-- Records for this exercise follows --

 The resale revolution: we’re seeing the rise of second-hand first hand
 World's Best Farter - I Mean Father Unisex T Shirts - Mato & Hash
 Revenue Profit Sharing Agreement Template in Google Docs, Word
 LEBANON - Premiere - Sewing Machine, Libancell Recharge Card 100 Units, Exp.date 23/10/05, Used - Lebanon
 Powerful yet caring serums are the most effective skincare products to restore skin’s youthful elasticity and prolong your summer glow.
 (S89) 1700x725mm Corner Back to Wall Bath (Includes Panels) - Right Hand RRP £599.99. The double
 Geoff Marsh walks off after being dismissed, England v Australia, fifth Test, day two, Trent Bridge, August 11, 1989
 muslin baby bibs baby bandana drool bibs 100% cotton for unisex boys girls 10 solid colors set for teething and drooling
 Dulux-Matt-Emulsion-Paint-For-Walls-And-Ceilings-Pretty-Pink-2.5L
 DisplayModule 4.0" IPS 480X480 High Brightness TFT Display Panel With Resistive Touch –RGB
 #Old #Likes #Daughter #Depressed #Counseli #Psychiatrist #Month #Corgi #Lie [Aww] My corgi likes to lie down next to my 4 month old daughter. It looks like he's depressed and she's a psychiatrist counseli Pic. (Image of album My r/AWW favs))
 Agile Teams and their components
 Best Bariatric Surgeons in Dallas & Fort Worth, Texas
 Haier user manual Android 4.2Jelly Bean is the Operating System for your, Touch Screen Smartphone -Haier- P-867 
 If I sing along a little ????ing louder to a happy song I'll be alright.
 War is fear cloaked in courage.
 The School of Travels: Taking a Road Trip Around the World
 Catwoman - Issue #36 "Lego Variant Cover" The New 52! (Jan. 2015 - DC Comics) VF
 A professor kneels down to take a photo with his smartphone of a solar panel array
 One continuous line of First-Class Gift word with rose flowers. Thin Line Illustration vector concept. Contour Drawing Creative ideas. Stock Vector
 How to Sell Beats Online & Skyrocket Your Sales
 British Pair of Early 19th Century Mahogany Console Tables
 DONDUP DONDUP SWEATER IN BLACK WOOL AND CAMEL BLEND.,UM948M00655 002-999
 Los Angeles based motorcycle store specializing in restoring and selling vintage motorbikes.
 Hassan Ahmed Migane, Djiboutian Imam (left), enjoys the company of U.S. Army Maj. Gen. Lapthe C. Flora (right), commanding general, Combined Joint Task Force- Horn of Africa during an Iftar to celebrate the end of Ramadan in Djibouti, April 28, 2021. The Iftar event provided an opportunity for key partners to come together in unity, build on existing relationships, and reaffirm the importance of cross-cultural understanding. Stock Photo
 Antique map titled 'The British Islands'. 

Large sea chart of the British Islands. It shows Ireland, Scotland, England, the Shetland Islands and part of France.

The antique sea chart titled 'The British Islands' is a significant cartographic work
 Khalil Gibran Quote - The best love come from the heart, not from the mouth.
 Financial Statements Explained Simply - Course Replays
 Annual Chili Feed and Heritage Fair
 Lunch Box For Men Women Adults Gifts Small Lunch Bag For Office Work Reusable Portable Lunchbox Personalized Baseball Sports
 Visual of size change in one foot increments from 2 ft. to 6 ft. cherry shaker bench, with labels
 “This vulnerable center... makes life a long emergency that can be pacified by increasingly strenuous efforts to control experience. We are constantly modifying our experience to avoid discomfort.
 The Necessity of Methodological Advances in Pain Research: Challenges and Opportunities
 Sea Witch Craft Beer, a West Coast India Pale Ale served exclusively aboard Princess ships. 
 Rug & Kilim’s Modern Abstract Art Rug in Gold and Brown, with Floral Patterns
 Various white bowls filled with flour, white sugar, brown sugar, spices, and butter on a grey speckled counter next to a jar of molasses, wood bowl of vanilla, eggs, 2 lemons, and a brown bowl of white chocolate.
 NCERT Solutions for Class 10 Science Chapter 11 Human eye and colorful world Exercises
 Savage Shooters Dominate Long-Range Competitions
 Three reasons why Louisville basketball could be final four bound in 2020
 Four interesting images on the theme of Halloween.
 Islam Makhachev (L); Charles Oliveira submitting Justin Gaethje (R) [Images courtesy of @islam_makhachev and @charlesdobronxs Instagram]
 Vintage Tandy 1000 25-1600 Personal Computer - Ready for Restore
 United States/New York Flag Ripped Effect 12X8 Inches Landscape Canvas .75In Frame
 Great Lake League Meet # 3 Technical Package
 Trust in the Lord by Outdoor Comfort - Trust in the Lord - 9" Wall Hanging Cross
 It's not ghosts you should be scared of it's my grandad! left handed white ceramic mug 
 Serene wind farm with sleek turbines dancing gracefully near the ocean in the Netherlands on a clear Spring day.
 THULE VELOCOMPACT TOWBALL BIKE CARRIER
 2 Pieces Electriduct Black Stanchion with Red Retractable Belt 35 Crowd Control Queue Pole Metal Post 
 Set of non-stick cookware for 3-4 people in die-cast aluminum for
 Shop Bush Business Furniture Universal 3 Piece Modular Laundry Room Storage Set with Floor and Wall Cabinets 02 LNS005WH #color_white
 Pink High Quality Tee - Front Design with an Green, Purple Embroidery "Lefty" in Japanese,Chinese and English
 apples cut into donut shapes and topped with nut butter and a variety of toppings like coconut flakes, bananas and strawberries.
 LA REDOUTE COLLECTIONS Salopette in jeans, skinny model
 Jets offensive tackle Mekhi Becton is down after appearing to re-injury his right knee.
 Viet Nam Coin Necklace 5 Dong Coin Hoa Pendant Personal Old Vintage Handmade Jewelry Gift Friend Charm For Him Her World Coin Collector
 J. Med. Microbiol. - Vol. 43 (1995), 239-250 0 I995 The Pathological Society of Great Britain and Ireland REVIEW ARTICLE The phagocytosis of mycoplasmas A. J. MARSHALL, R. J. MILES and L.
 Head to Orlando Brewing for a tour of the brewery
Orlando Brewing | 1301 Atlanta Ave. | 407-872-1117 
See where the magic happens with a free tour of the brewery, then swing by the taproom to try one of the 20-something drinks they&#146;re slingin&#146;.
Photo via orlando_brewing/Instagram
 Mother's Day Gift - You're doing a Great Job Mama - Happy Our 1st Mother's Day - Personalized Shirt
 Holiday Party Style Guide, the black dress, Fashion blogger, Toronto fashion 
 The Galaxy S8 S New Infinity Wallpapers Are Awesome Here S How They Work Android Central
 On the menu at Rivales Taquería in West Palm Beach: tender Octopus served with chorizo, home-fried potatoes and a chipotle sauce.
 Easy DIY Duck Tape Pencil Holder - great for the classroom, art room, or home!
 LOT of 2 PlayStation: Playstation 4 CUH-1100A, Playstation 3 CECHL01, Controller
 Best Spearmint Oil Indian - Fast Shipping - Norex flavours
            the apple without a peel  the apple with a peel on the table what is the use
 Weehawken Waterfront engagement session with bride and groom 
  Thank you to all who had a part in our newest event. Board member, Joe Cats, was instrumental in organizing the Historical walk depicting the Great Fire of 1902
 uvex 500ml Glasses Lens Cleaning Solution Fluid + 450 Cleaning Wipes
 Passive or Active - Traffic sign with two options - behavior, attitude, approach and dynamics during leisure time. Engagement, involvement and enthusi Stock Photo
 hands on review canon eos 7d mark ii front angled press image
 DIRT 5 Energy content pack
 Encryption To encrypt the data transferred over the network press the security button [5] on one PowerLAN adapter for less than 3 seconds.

-- Records for this exercise concluded --

--- Directions ---
The lines to copy are those above that contain "titled".

--- Written answer ---
 Antique map titled 'The British Islands'. 
The antique sea chart titled 'The British Islands' is a significant cartographic work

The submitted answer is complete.